剛睡醒的聲音沙啞低沈,帶著撩人的意味,喚得周忍冬雙腿一軟更是動不了,只能拽著小話本,坐在他的小腹上與他大眼瞪小眼。

“我、我……”

他實在想不出什麽借口,支吾半天低下頭,不敢跟他對視。

傅羿岑修長的手指夾住小話本,意猶未盡地咽了咽口水,逗他:“冬兒一大早的,就想要繼續學習嗎?”

“學習”兩字故意提高了音調,眸光還意有所指地落在小話本上面。

周忍冬臉更紅了,想把小話本搶回來藏住,偏偏男人不放手,他怕被撕壞,索性“哼”一聲,扔給他算了。

“我看你也學得挺開心。”

說著,他還拍拍傅羿岑結實的肌肉,氣呼呼的。

傅羿岑挑眉:“那得看跟誰一起學。”

“不許說了!”

周忍冬到底面子薄,經不起他這樣逗,連忙往前趴,小手捂住他的嘴巴。

傅羿岑笑了笑,故意用長出小胡須的下巴在他手心蹭了蹭,惹得他發出低笑。

“壞蛋!”周忍冬撅起嘴,嘴裏罵著人,卻趴在人家身上不起來。

傅羿岑由著他念叨,手放在他的腰肢,一下下按著,他這才覺得舒服了許多,也沒再執著搶回小話本。

反正都被發現了,傅羿岑以後必定不會放過他,而且……他也很喜歡的樣子,那不如坦蕩一些接受。

“肚子餓。”

他吸吸鼻子,眨巴眨巴眼睛,像一只討食的小貓,可愛得緊。

傅羿岑垂下眼瞼,手沿著他的腰線游弋,放在他的肚子上摸了摸:“餓扁了。”

“是啊。”周忍冬捏住他的下巴,好奇地湊上前看他的小胡子。

周忍冬胡子特別少,長出來也特別軟,像傅羿岑這種又硬又長得快的,他沒見過便覺得神奇,盯著看好久。

“好吧。”傅羿岑順勢抱著他坐了起來,調侃道,“起來餵飽我的小嬌妻。”

“不許說!”周忍冬好不容易恢覆正常溫度的臉又熱了起來。

怎麽喝醉後盡說些見不得人的話?

太羞恥了!

傅羿岑怕把人餓壞了,沒再逗他,將幾本小話本沒收之後,抱著人洗漱完畢,用了膳。

“今日不舒服,便不去柳府了?”

周忍冬想了想:“我昨日答應師兄,今日去他的藥堂看看。”

傅羿岑點頭:“那不許太累了,坐墊墊厚點。”

“嗯。”周忍冬紅著臉應下,“知道啦。”

傅羿岑吃完飯便去忙了,他又歇了一個時辰,見外頭沒那麽熱了,才帶著同樣揉著腰的袁岳出門。

到了楚毓的藥堂前,卻發現鋪門壓根沒開。

想起昨晚的事情,周忍冬臉上一熱,心想師兄說不定也被……那啥到起不來。

出都出來了,周忍冬沒那麽急著趕回去,聽說西街的糕點好吃,以前他沒胃口的時候,傅羿岑經常派人出來買,他就帶著袁岳溜達過去。
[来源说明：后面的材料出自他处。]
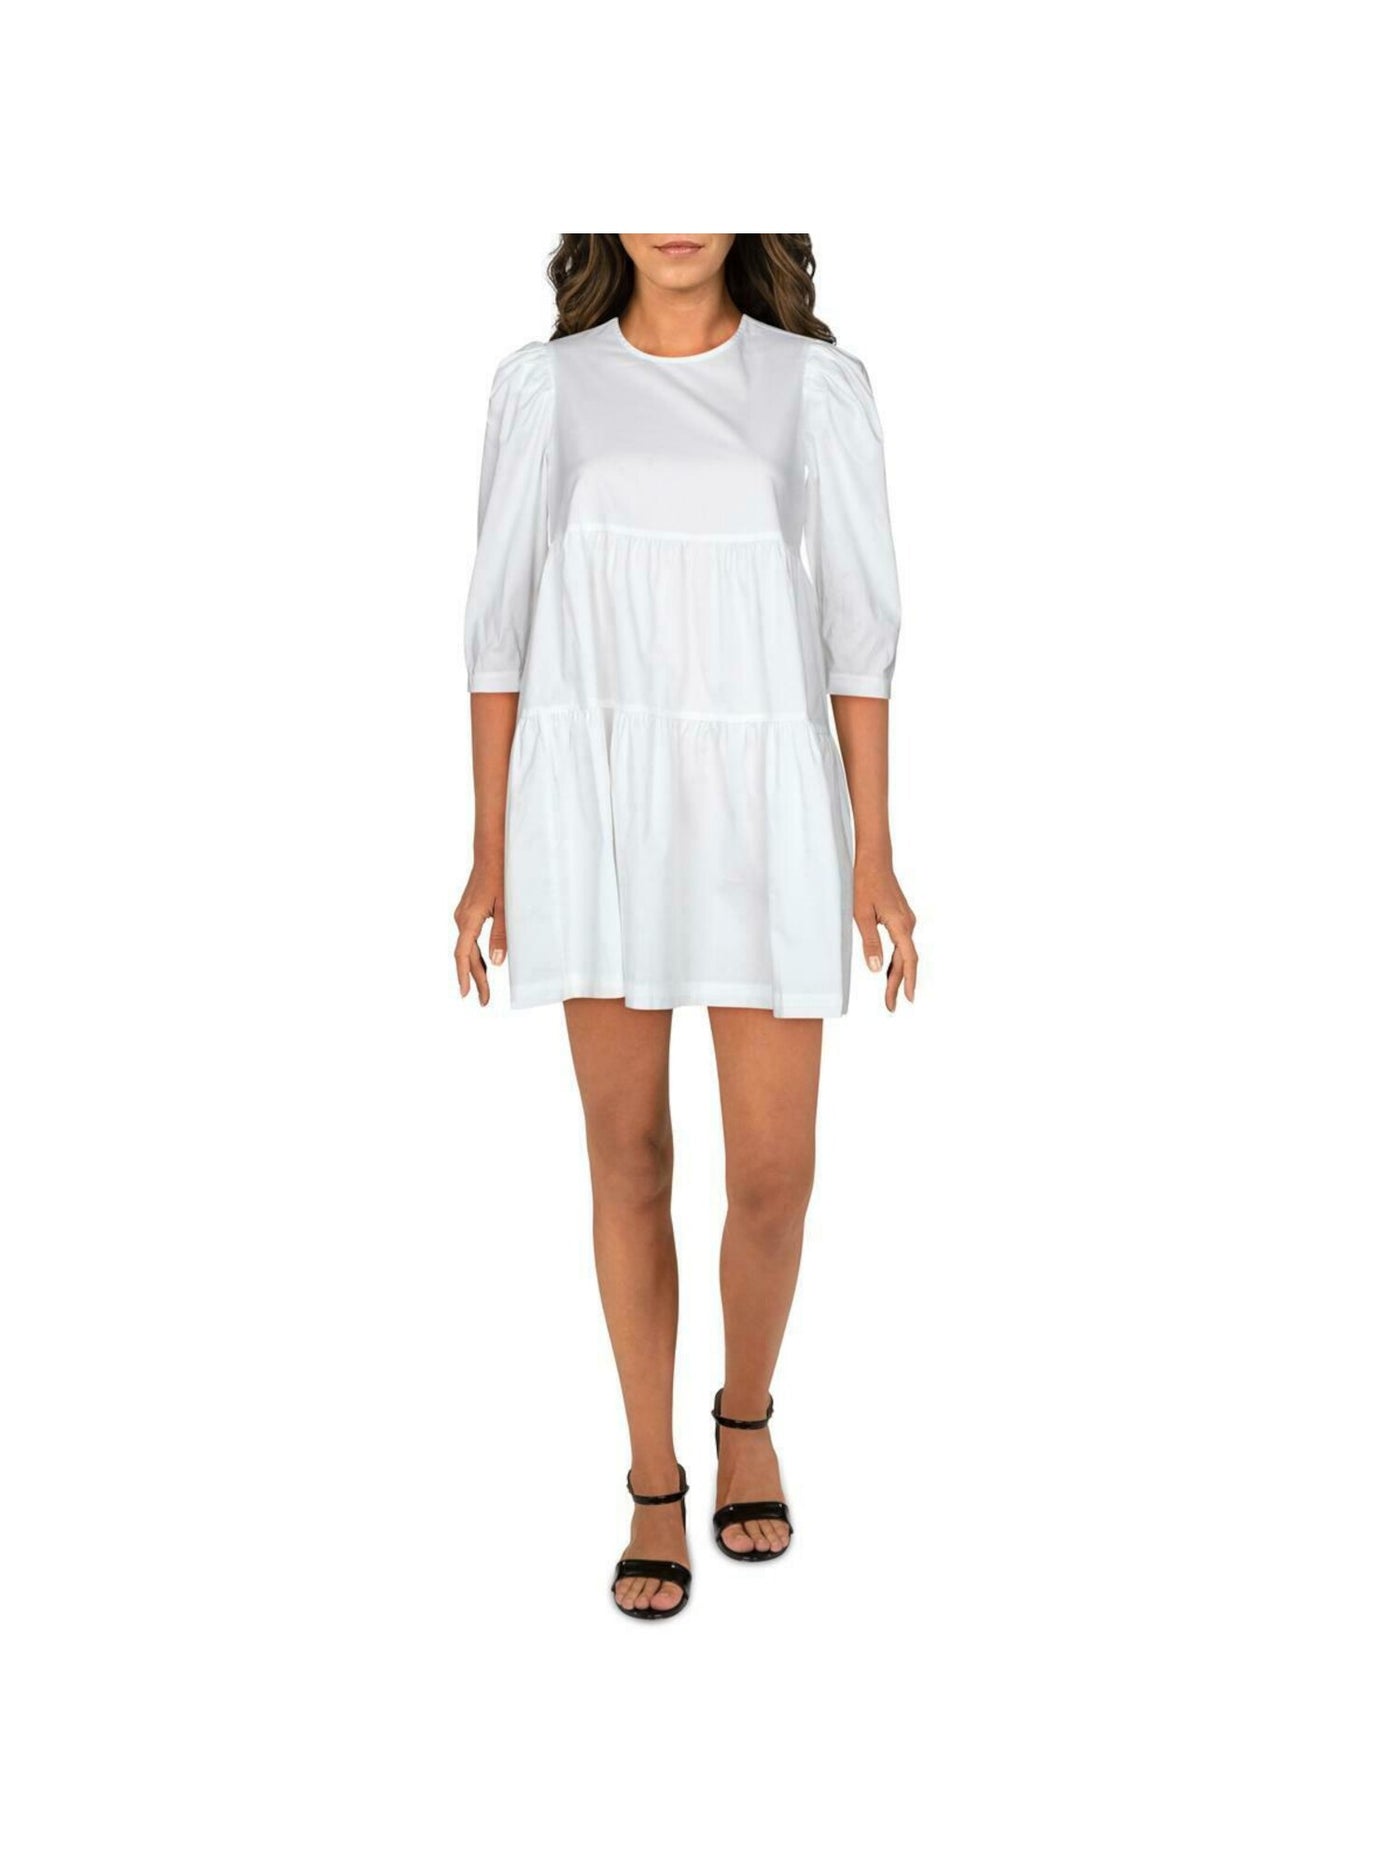 DANIELLE BERNSTEIN Womens White Textured Woven 3/4 Sleeve Mini Baby Doll Dress S

這時,迎面跑來幾個追著玩的小孩兒,他們不小心撞了周忍冬一下。

他一個踉蹌,連忙伸手扶住半大少年,細聲說:“沒撞到吧。”

少年嘻嘻哈哈,眼神閃躲,手推了推周忍冬,繼續往前跑了。

他以為是小孩子頑劣,無奈地笑了笑,繼續往前走。

經過一條小巷口時,突然來了幾個彪形大漢擋住他們的去路。

周忍冬將袁岳拽到身後,手放在袋子附近,隨時準備撒毒藥。

他還沒來得及施展,大漢們便讓開了道,周沐苒帶著笑意走了上來。

“好久不見,我的好哥哥。”

周忍冬咬了咬唇,往後退了幾步,看著她款款走來,心情十分覆雜。

“你要做什麽?”

“自然是請哥哥回丞相府一趟。”周沐苒笑了笑,眼底的恨意翻湧,半點也不藏著,“畢竟,你娘親的墳墓也許久無人打理了。”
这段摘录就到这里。